:: WHAT THE EXERCISE ASKS ::
The entire listing that follows must be repeated exactly, pictures excluded.

:: INFORMATION SHOWN ::

►

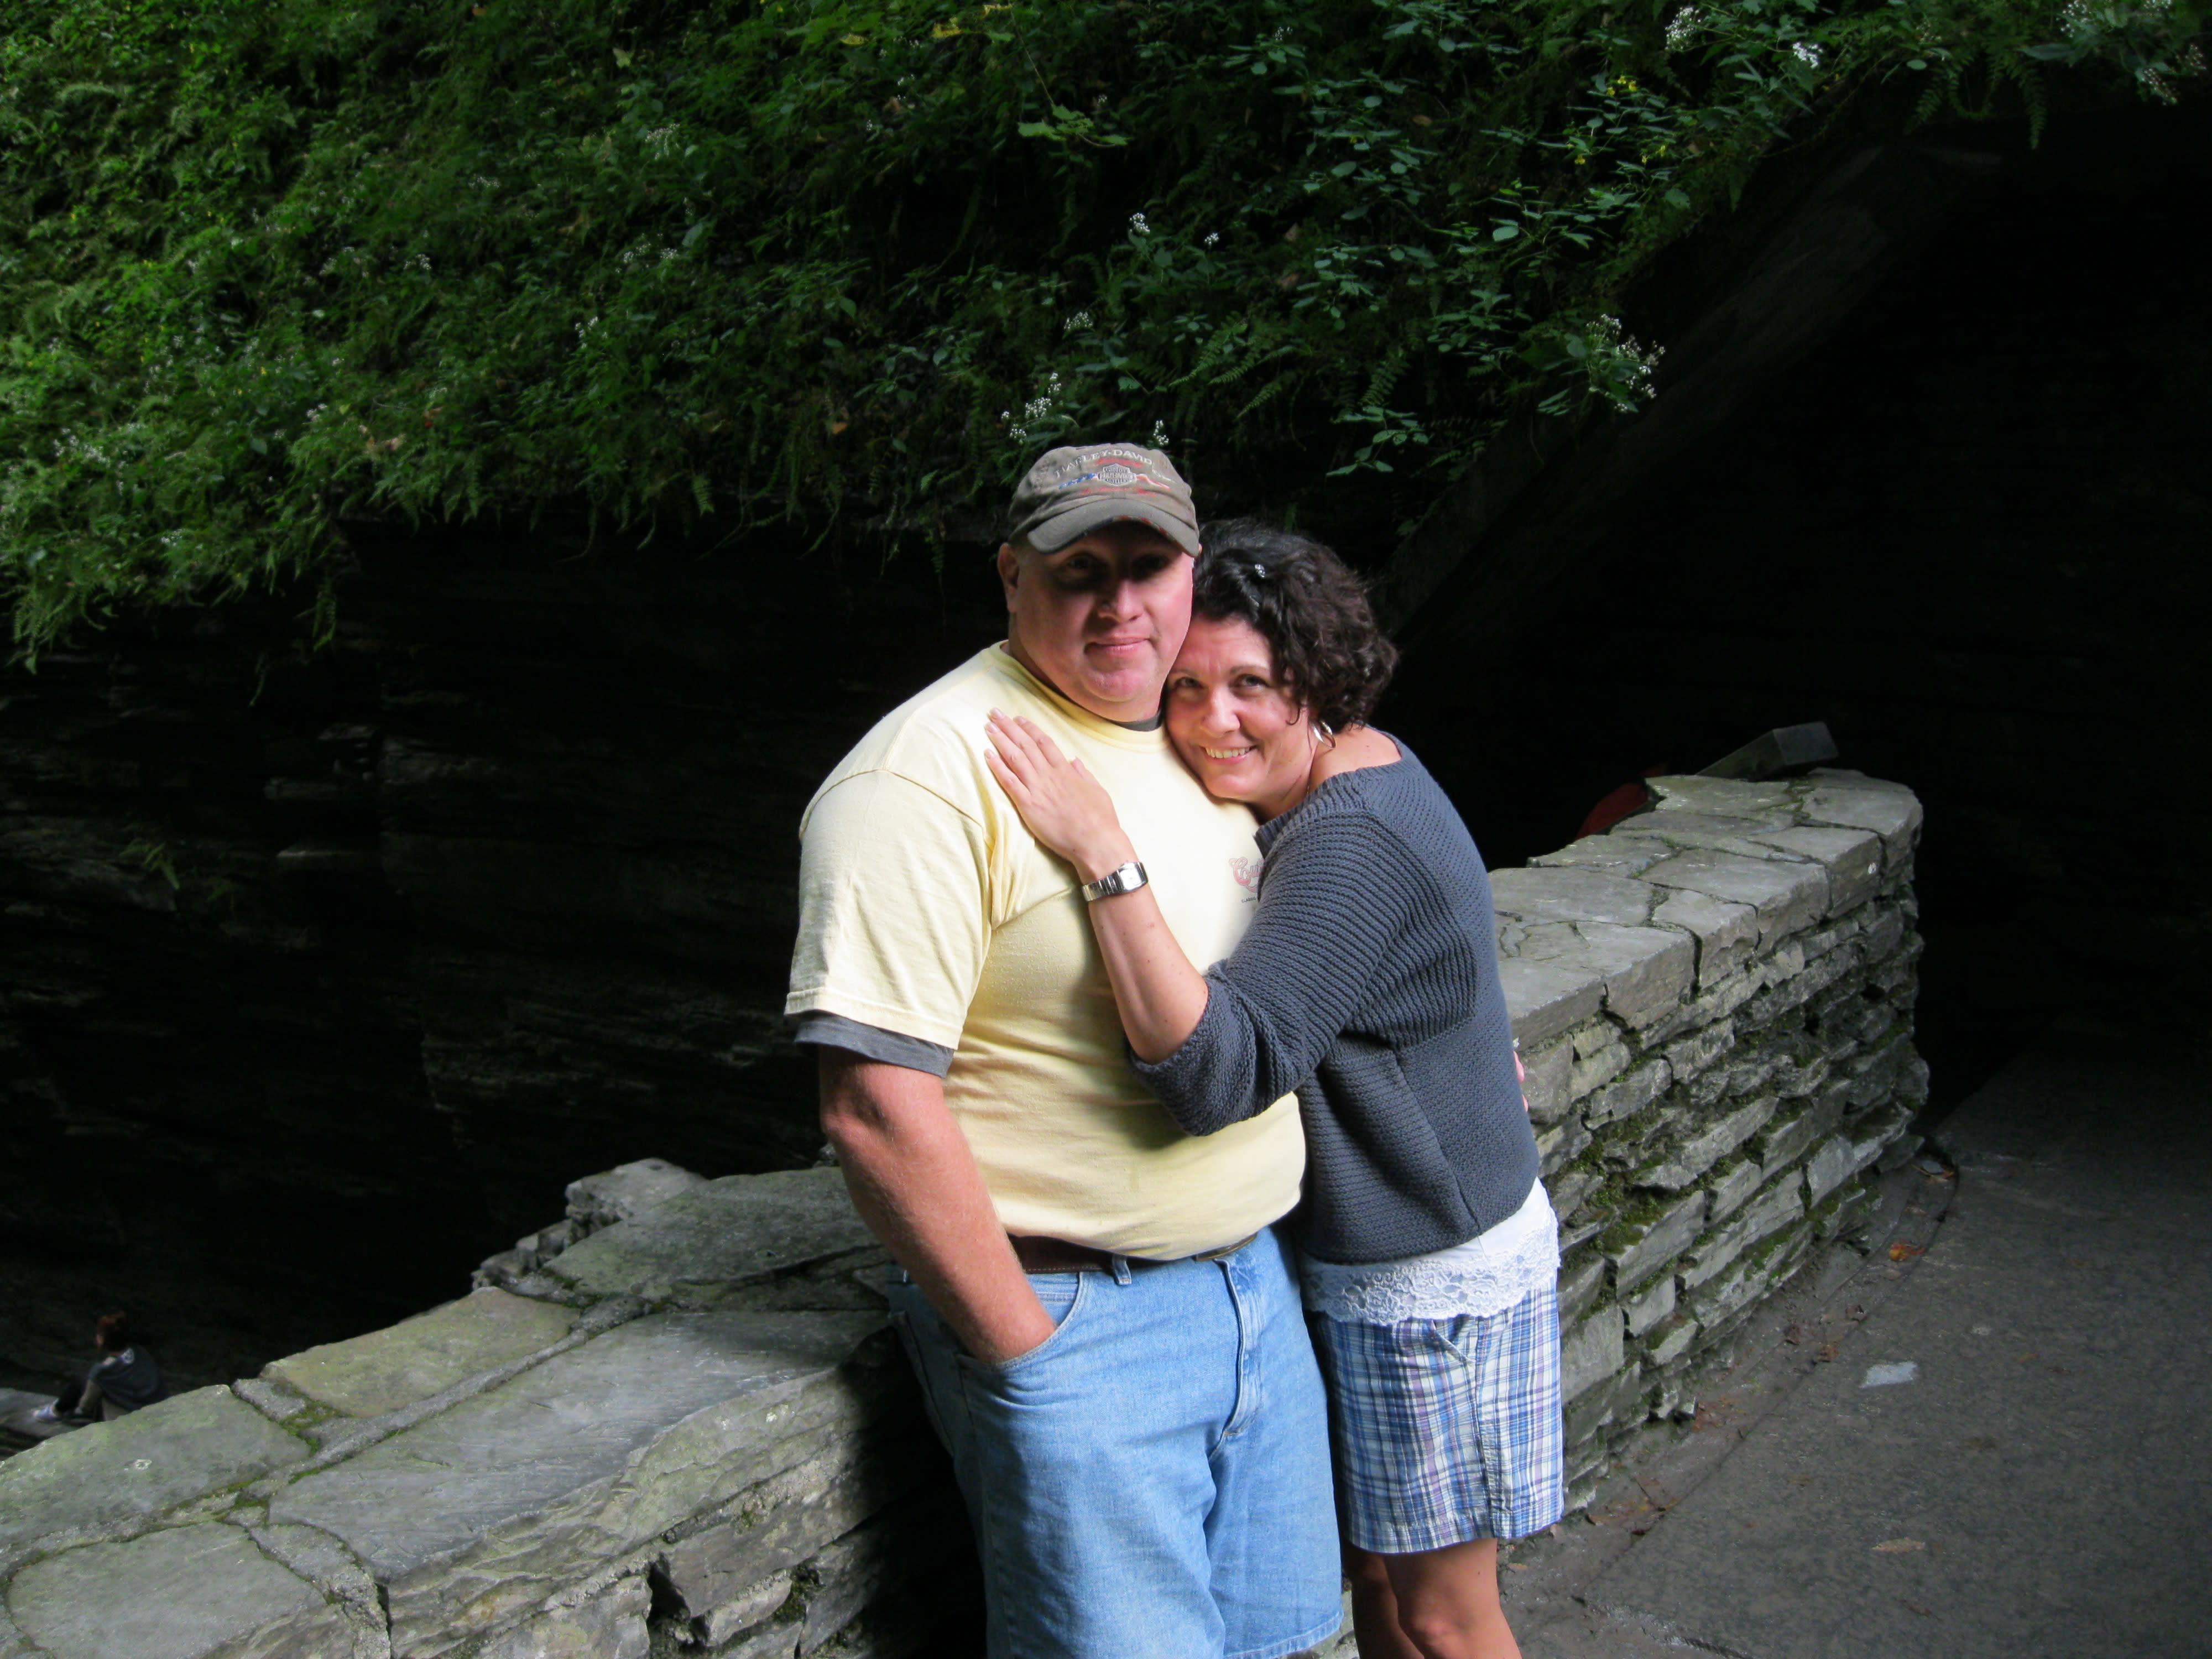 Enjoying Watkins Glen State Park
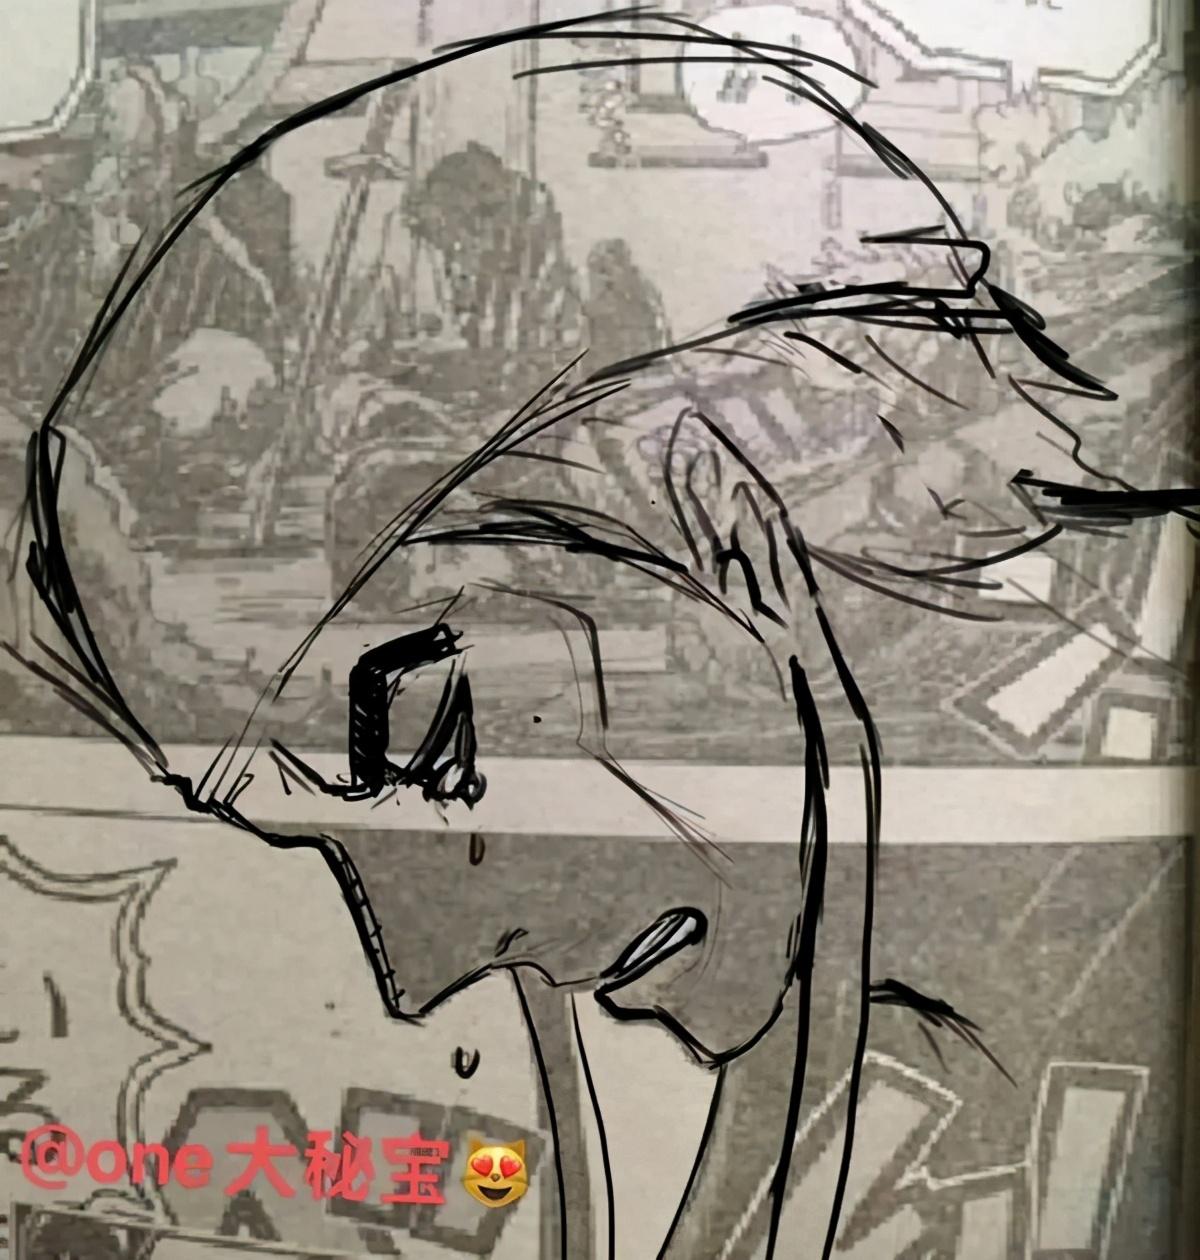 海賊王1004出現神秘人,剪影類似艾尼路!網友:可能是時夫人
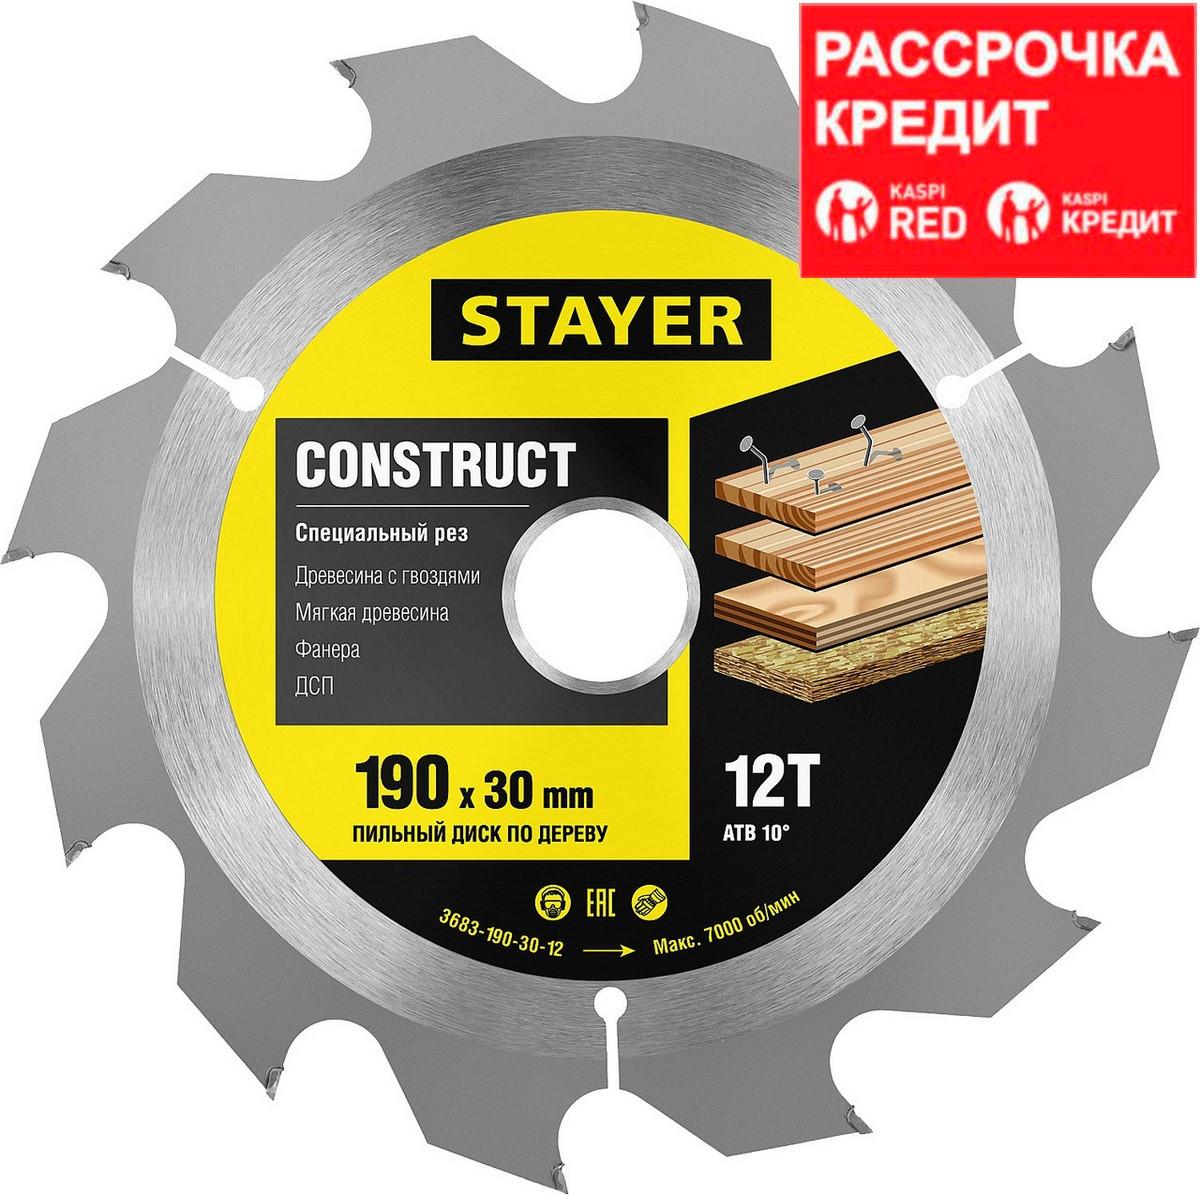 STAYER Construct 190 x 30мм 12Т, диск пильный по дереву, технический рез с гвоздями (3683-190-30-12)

◄

:: SOLUTION TO THE EXERCISE ::
 Enjoying Watkins Glen State Park
 海賊王1004出現神秘人,剪影類似艾尼路!網友:可能是時夫人
 STAYER Construct 190 x 30мм 12Т, диск пильный по дереву, технический рез с гвоздями (3683-190-30-12)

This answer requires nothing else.